→ **Problem requirements**:
Repeat only what runs from the line with "Key West Vacation - 116_5546.JPG" through the last line of the data below, both included, keeping every word as it is and leaving out the pictures.

→ **Provided data**:
◇ ◇ ◇

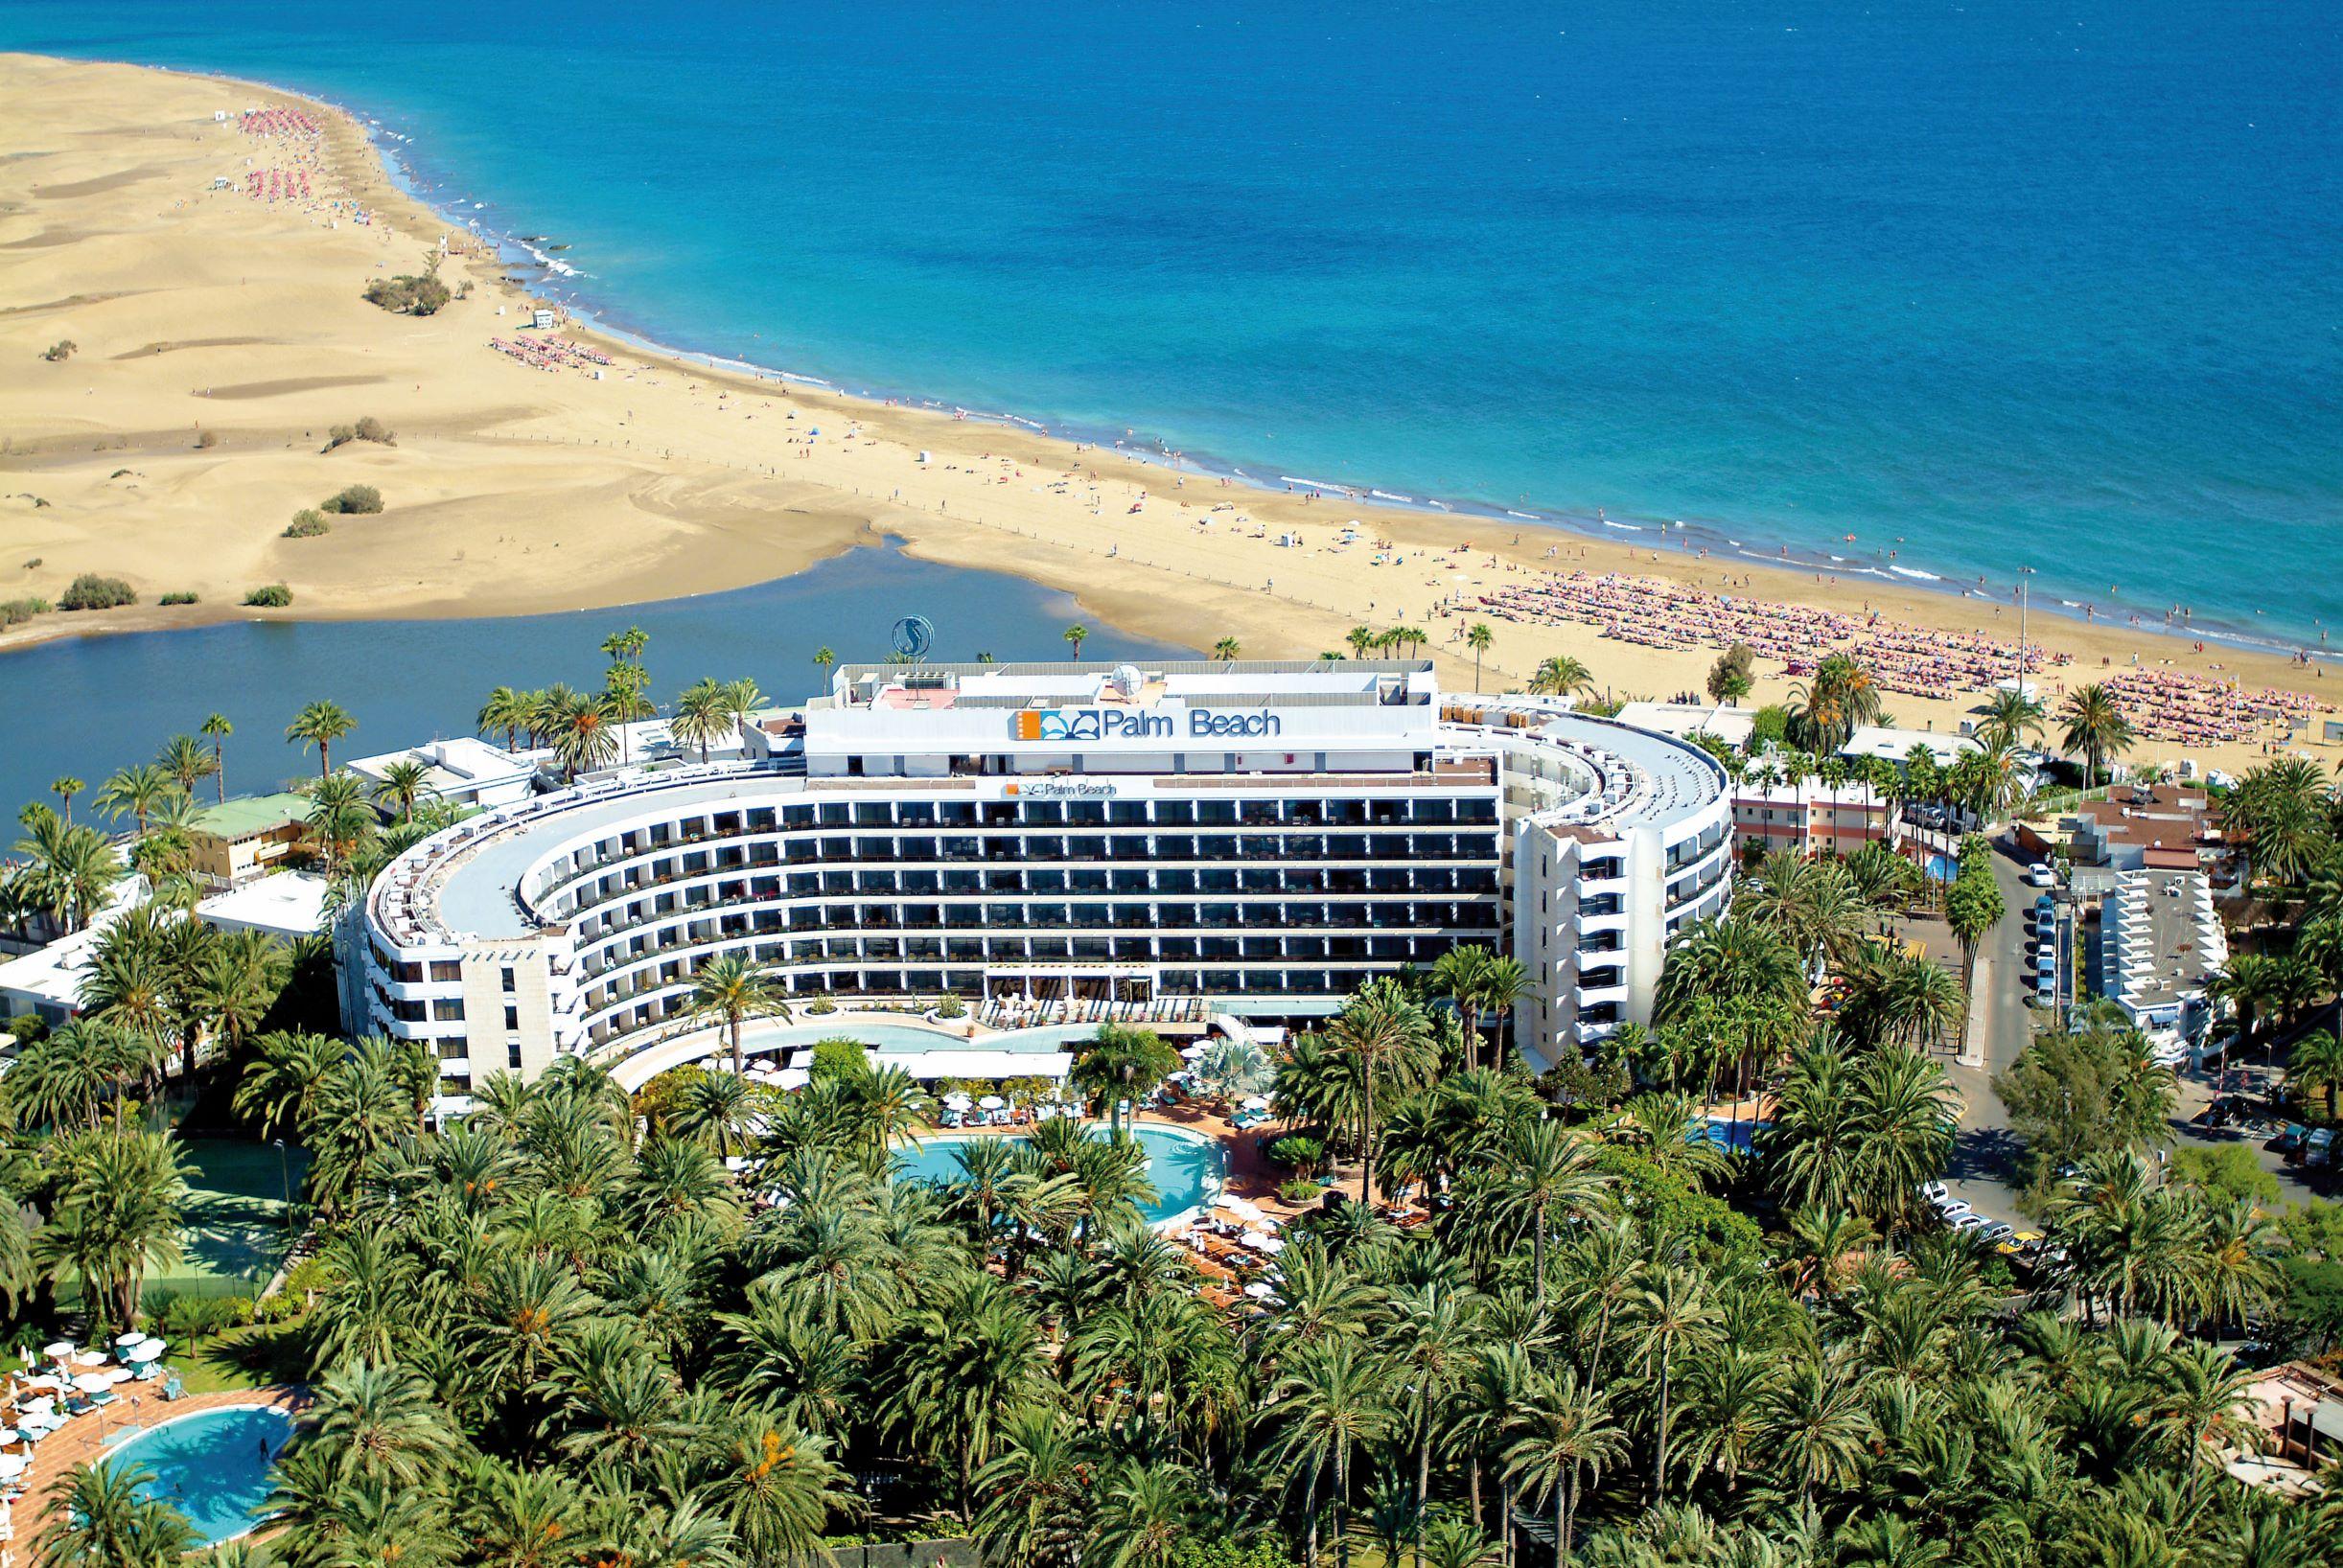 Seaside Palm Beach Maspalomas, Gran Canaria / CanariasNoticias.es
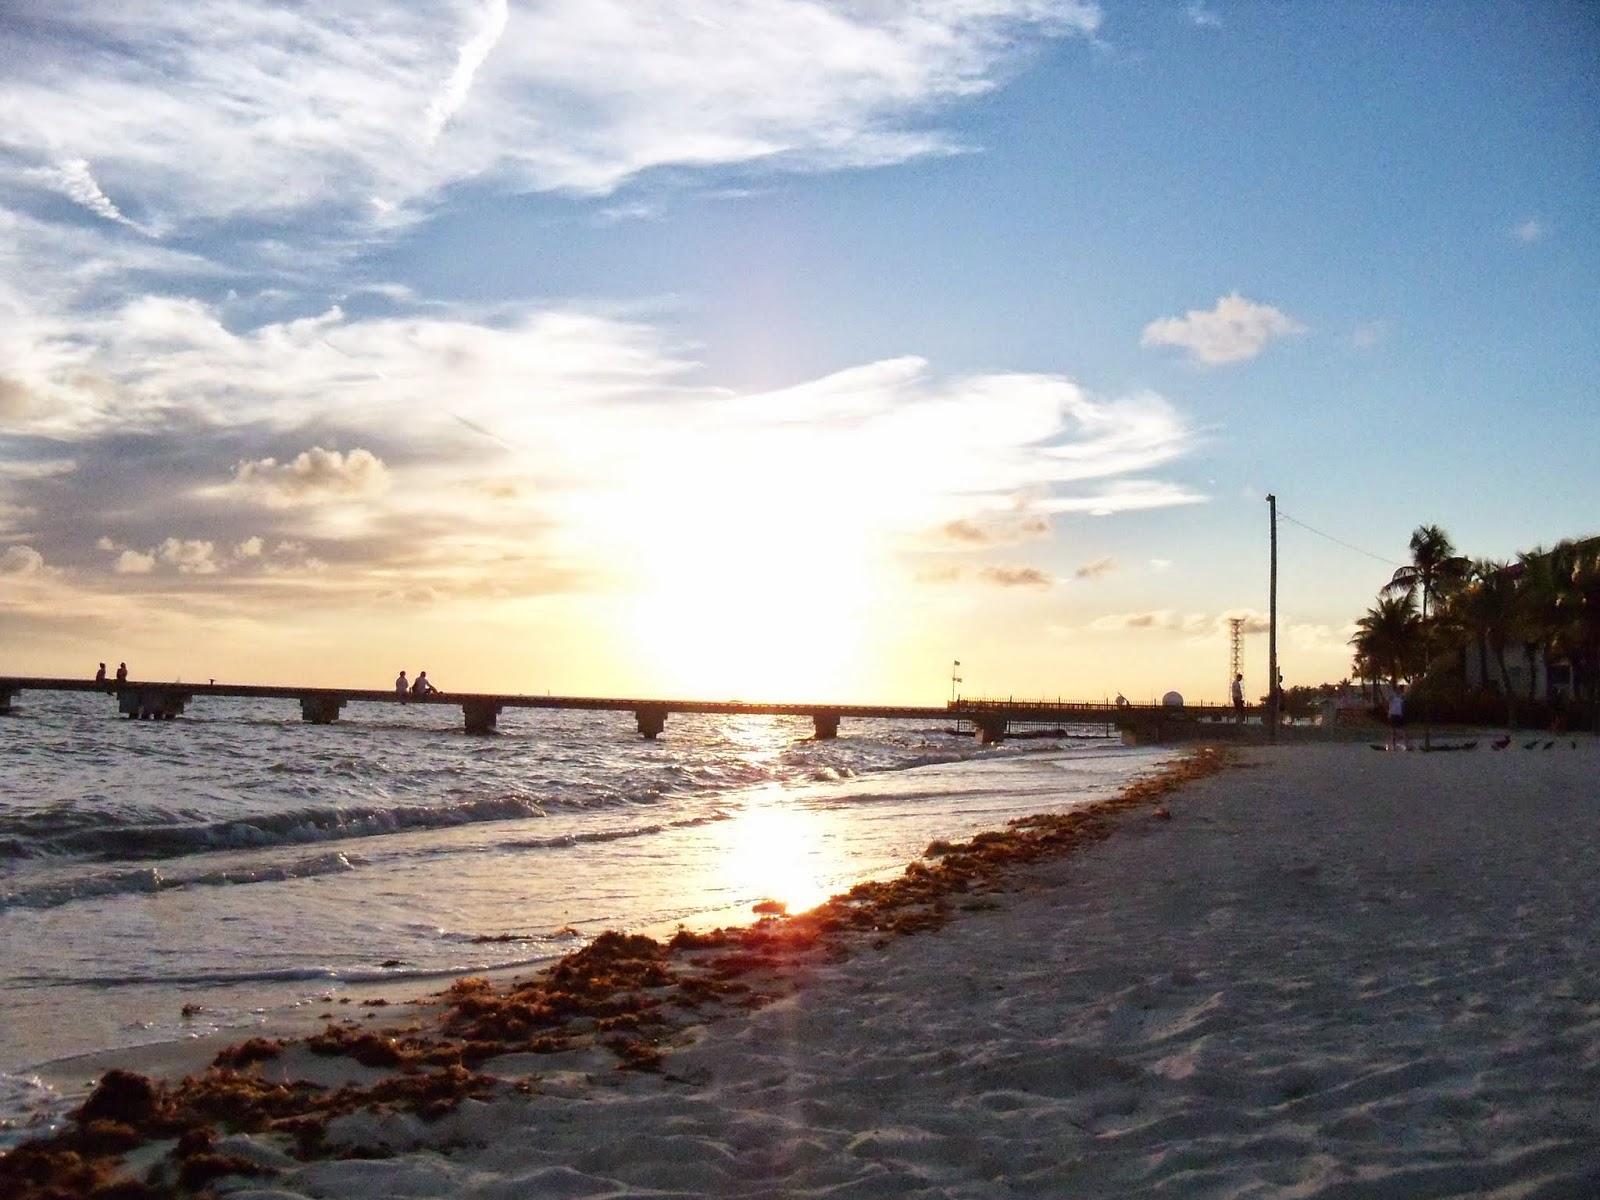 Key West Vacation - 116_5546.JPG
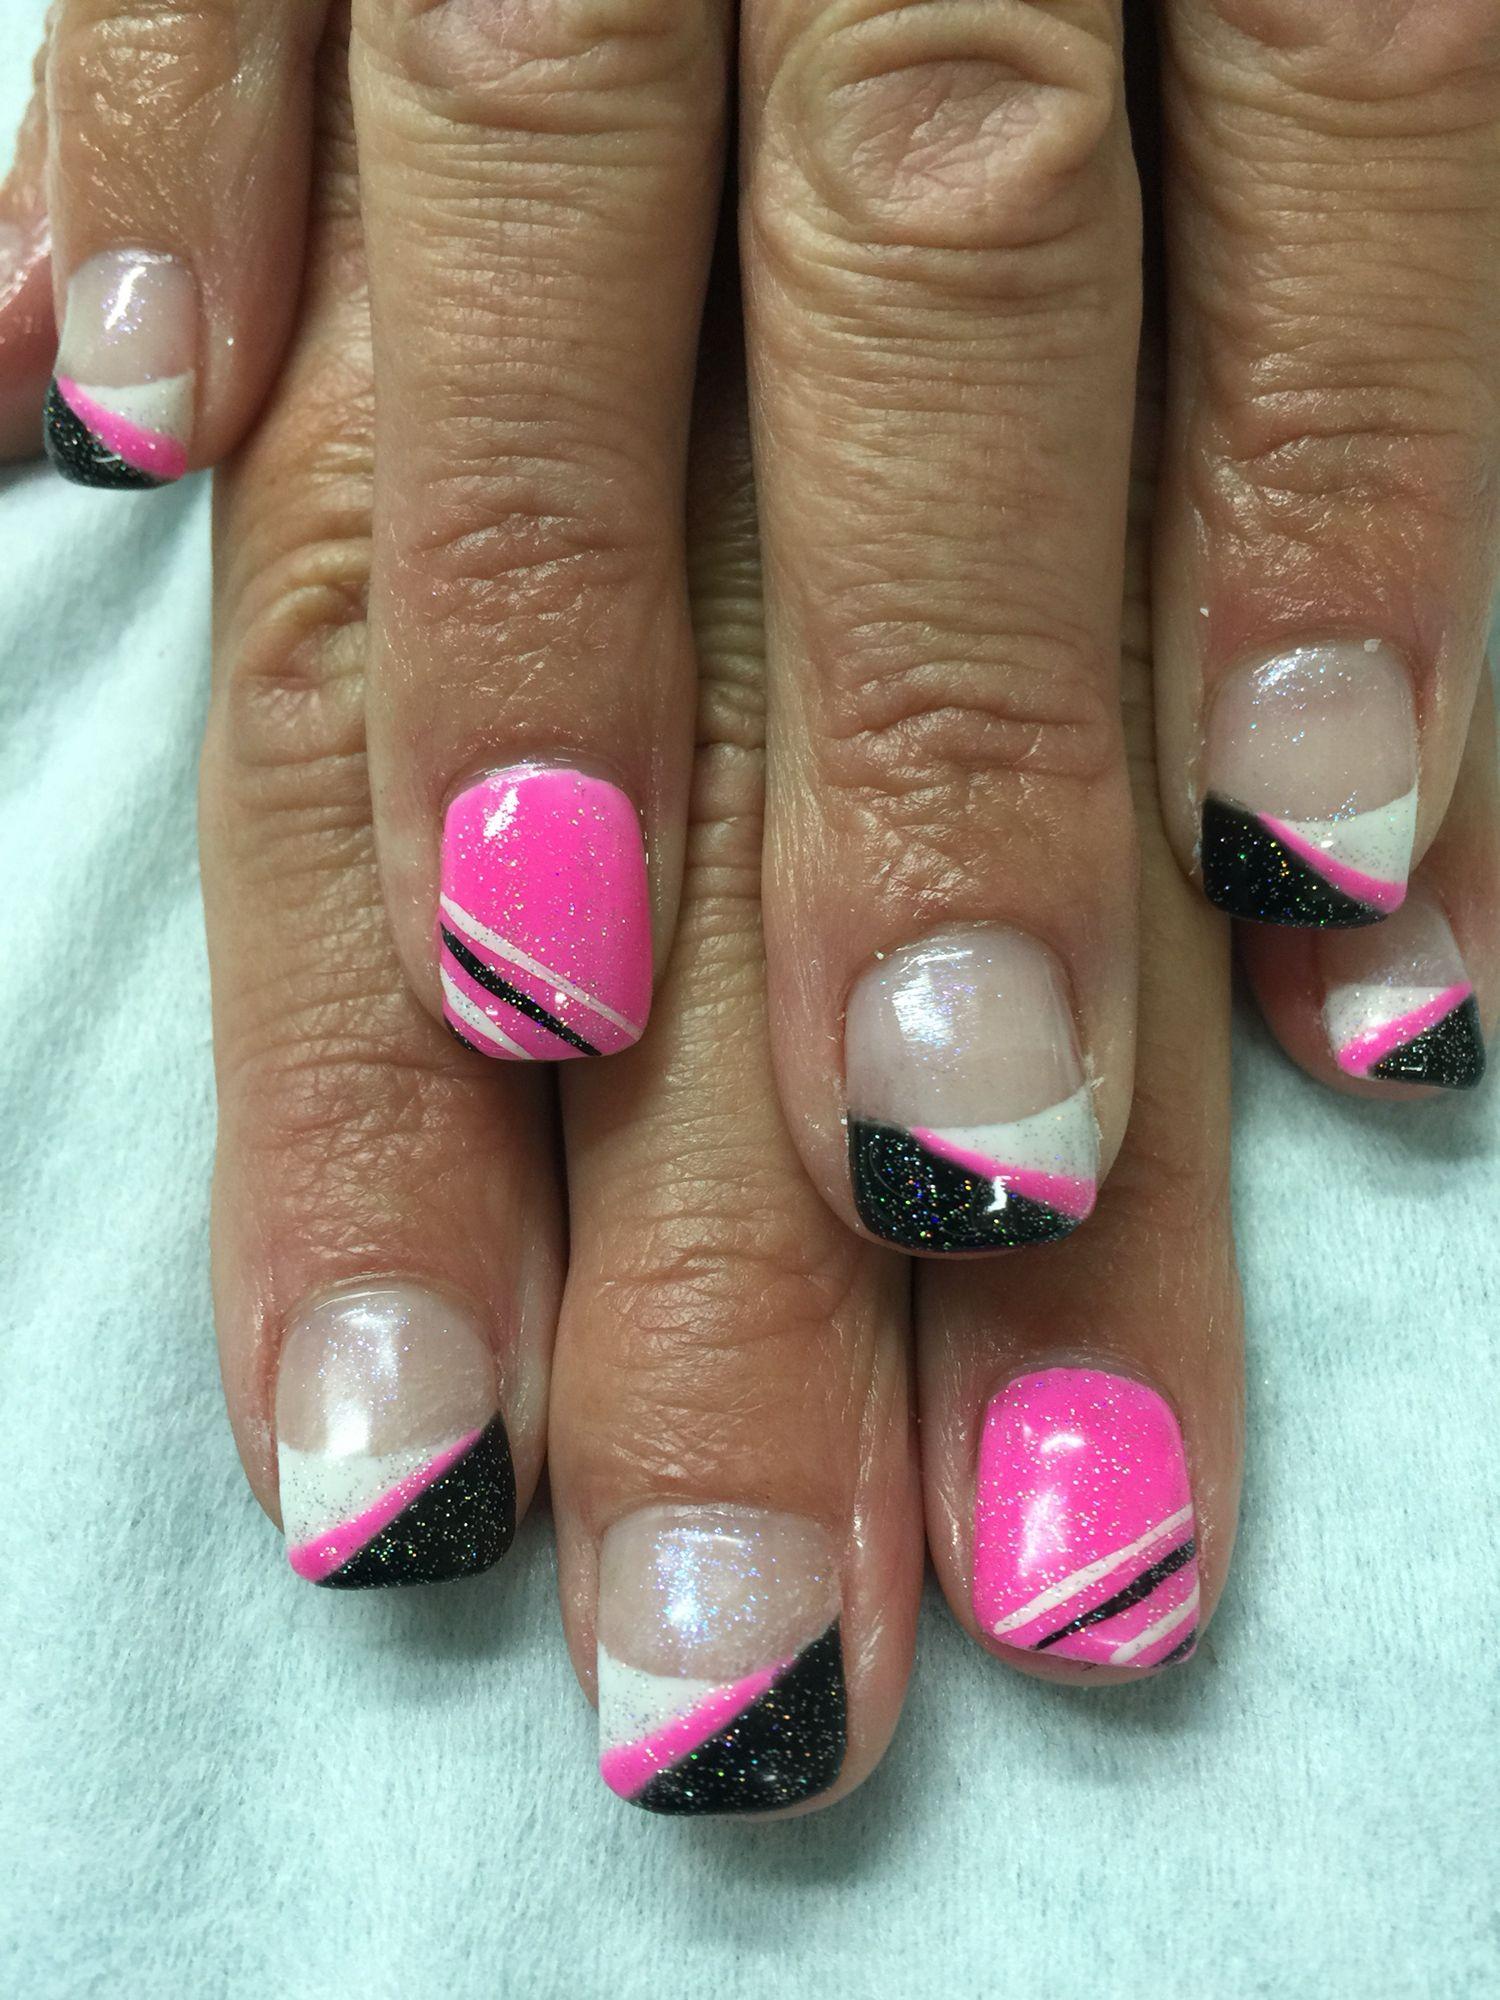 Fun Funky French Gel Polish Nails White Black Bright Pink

◇ ◇ ◇

→ **The answer**:
 Key West Vacation - 116_5546.JPG
 Fun Funky French Gel Polish Nails White Black Bright Pink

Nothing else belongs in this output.